I really don’t agree with the “tip should be for good service” argument. It isn’t what motivates my tip.
As a general principle, I tip 20% for competent service, higher for excellent service, but almost never less than 15%. The only time I do tip less is when the service is unsatisfactory and indifferent. At that point, I’ll generally follow my late father’s example and leave a one penny tip.
The reason I do this is that I believe service, in general, is a cost of food, just as inbound freight is a cost of goods sold. Servers have a right to a reasonable income, and I am uncomfortable controlling it more than a little. I think that is the job of management, and as a general principle, if a server is deficient, it is for one of four reasons:
He/she is in the weeds. This happens at restaurants, and sometimes it’s just impossible to give good service under those circumstances;
He/she is having a bad day. It happens to us all;
He/she is poorly trained and incapable of proper service. This is the most common problem;
He/she is a poor employee who should not be in their job (fortunately rare).
What I do when I receive poor service is have the manager brought to me, and remonstrate with him or her. I point out the deficiencies and unacceptable nature of them. If the server was in the weeds, for example, the manager himself should’ve attended to the matter and helped the service staff avoid complaints. The rest of the above need no exposition as a matter of management competence. I always point out which of the above situations seem to apply, and point out the failure of management in all of them.
Based on the quality of his/her response, I am either satisfied or will later contact the restaurant’s national management or local ownership directly with a formal complaint about both the employee and the manager. After that point, I have to decide whether or not to patronize that restaurant again.
Sounds like a lot of work, but it gives me satisfaction that the mere act of withholding a tip does not.
“Sounds like a lot of work” is right. But ethical to the point of extreme conscientiousness. Saw a funny cartoon somewhere recently. A dingbat waitress introduces herself with the moronic, “Hi, I’m So and So and I’ll be your waiter” before adding “because this place does absolutely nothing in the way of screening it’s employees!”
I think the issue is that it became customary to tip certain servicepeople, and then that social contract got written into law. It’s very hard to undo such laws, especially when there is no aggrieved party or interest fighting to undo it. The people who would move to positions of power as waitstaff tend to be the people who are better at it, and make more money then they would make if they were paid current regular minimum wage. I know a couple people who have been promoted to management, and switched back to serving as they made more money that way.

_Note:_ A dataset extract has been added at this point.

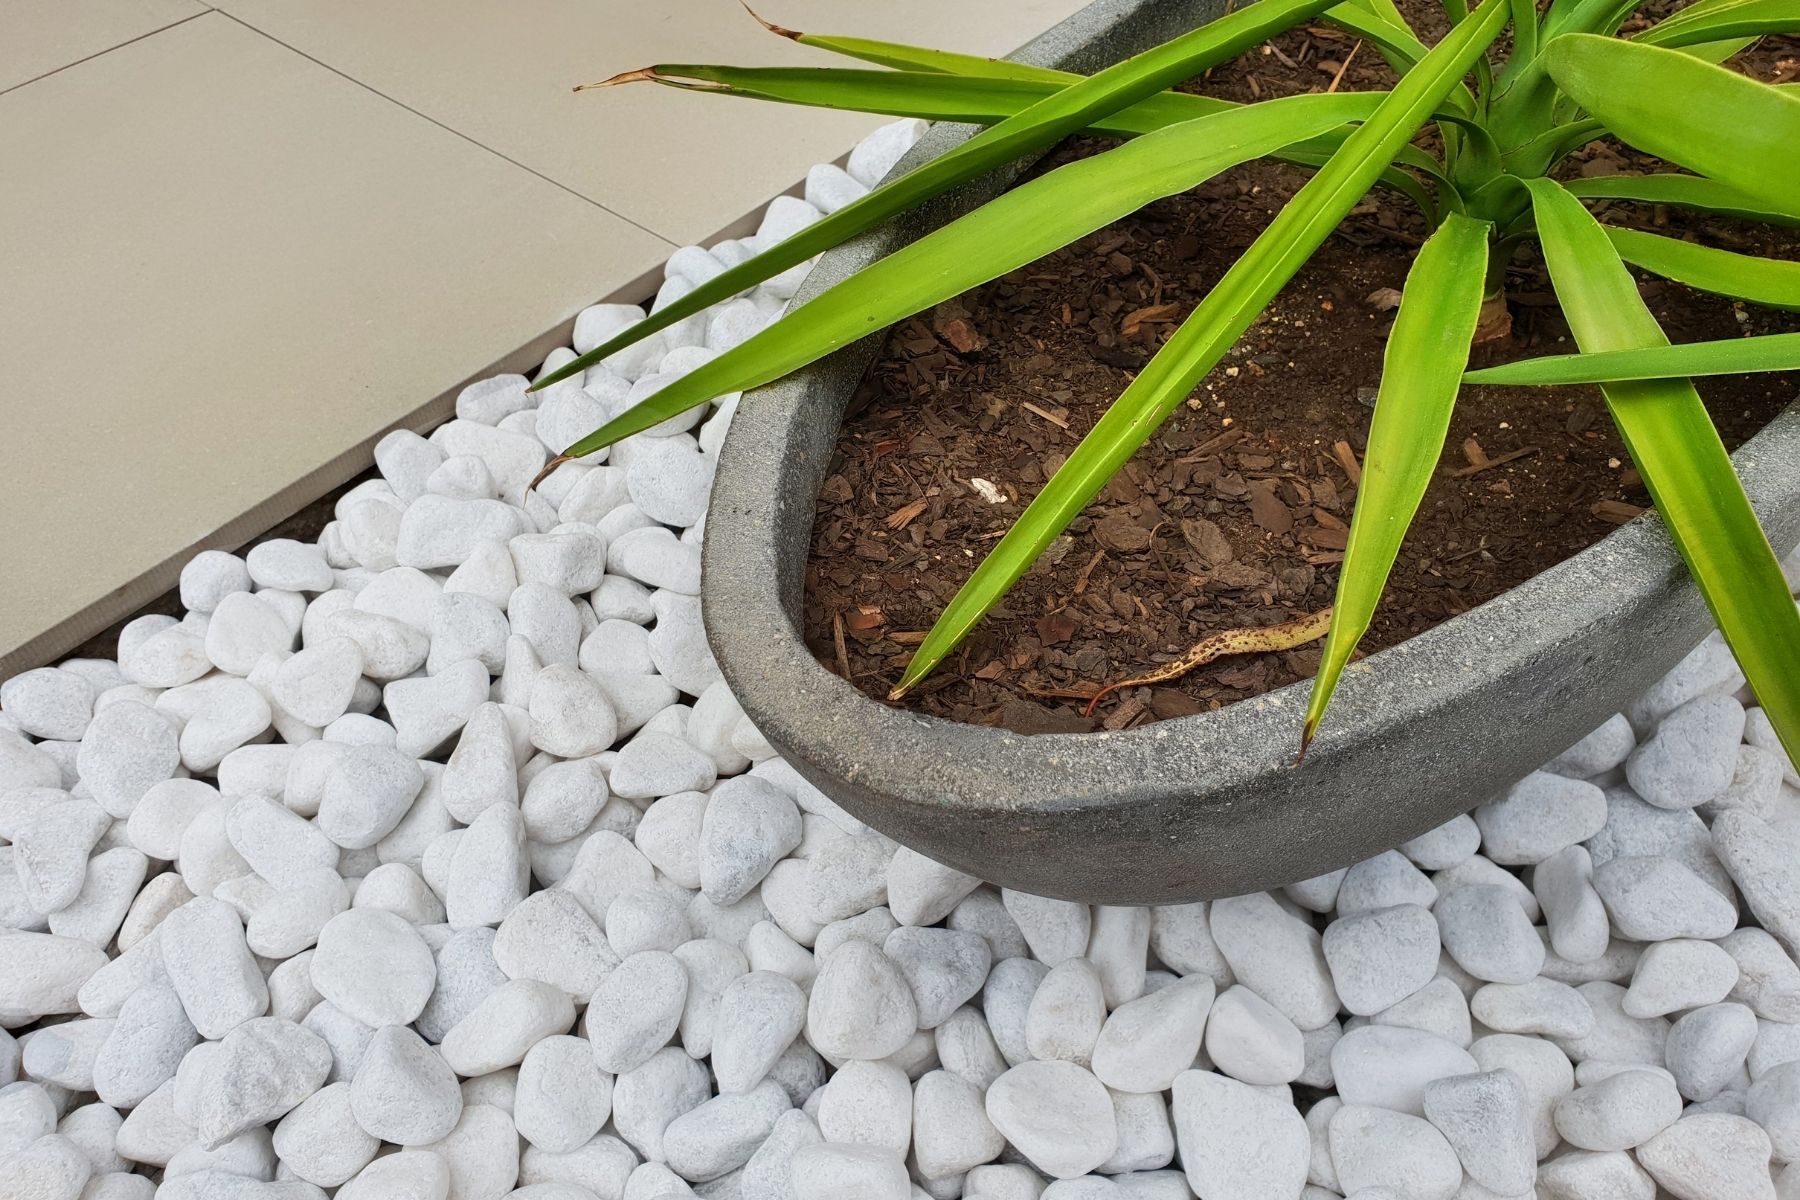 white pebbles under pot plant for garden decoration and drainage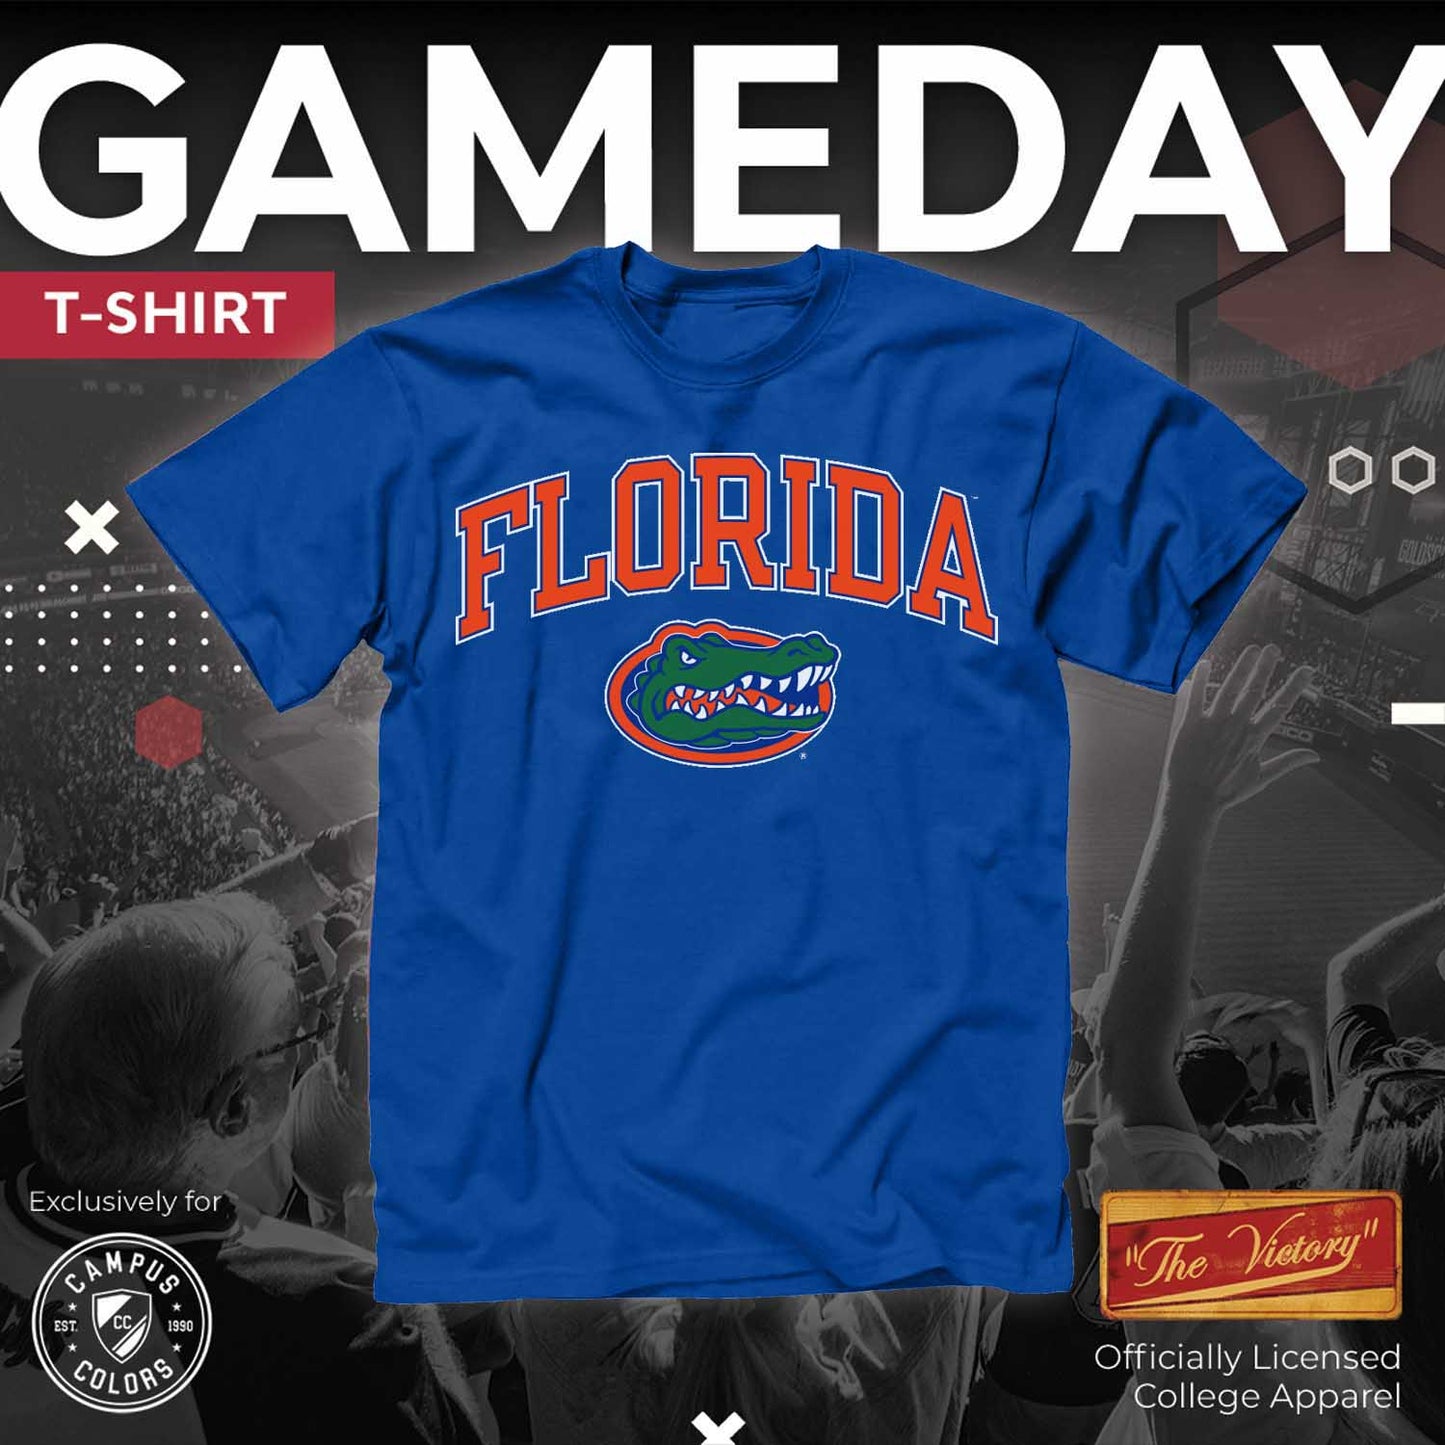 Florida Gators NCAA Adult Gameday Cotton T-Shirt - Royal

And since my above comment completely failed to address the substance of the post, I find the protest unethical. The reason is because the patron has no control, and generally no real knowledge of the amount the employee is earning. Further, it is none of the patron’s damned business.
So if your raison d’être for giving a tip is quality of service, how can the base pay of the server possibly matter? If the reason is to be fair (as mine above), I have to ask myself if I am comfortable not considering service at all, and that answer must be “No.” Perhaps I would revise my scale should I know that all servers are making a minimum of $15/hour, but by no means would I remove the consideration of good service, which is what you must do in order to carry out the protest.
Verdict: Unethical.
Will a mandatory minimum wage of $15 also spell the end of all workplaces which post the message: “[employee(s)] work for tips only”? It seems that such establishments, with such a scheme of compensating employees, would quickly find themselves on the wrong side of the law, as a result of such a mandate.
When it doesn’t apply to tipped employees?